CompliantVLA-adaptor: VLM-Guided Variable Impedance Action for Safe Contact-Rich Manipulation
This work addresses safety issues in robotic manipulation for physical tasks involving contact, though it is incremental as it builds on existing VLA systems.
The paper tackled the problem of unsafe or failed interactions in contact-rich robotic manipulation by augmenting Vision-Language-Action models with variable impedance control, resulting in improved success rates and reduced force violations in both simulation and real-world tasks.

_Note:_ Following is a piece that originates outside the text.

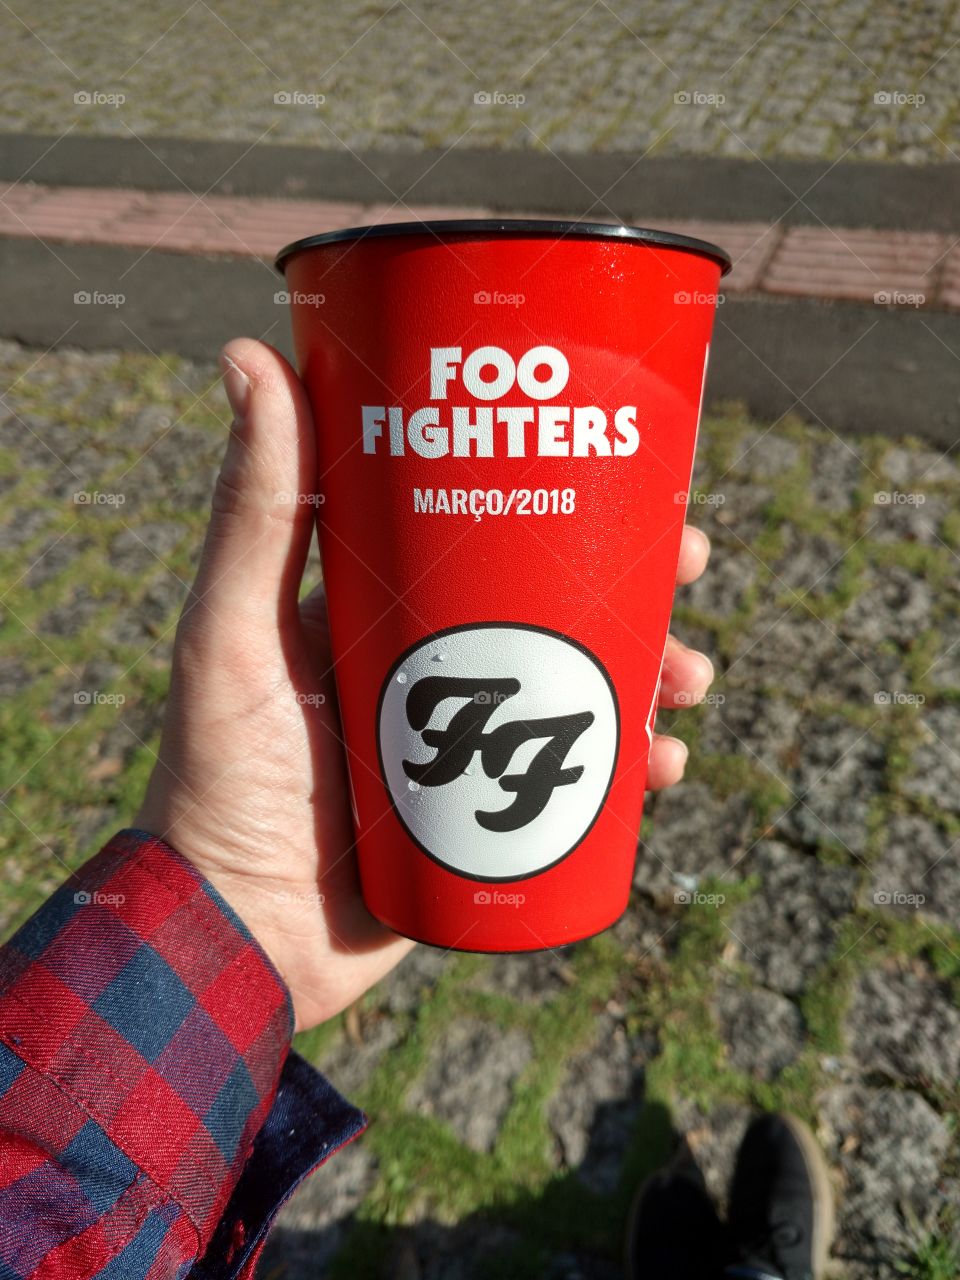 Foo Fighters - Curitiba - Brasil - 2018

We propose a CompliantVLA-adaptor that augments the state-of-the-art Vision-Language-Action (VLA) models with vision-language model (VLM)-informed context-aware variable impedance control (VIC) to improve the safety and effectiveness of contact-rich robotic manipulation tasks. Existing VLA systems (e.g., RDT, Pi0.5, OpenVLA-oft) typically output position, but lack force-aware adaptation, leading to unsafe or failed interactions in physical tasks involving contact, compliance, or uncertainty. In the proposed CompliantVLA-adaptor, a VLM interprets task context from images and natural language to adapt the stiffness and damping parameters of a VIC controller. These parameters are further regulated using real-time force/torque feedback to ensure interaction forces remain within safe thresholds. We demonstrate that our method outperforms the VLA baselines on a suite of complex contact-rich tasks, both in simulation and the real world, with improved success rates and reduced force violations. This work presents a promising path towards a safe foundation model for physical contact-rich manipulation. We release our code, prompts, and force-torque-impedance-scenario context datasets at https://sites.google.com/view/compliantvla.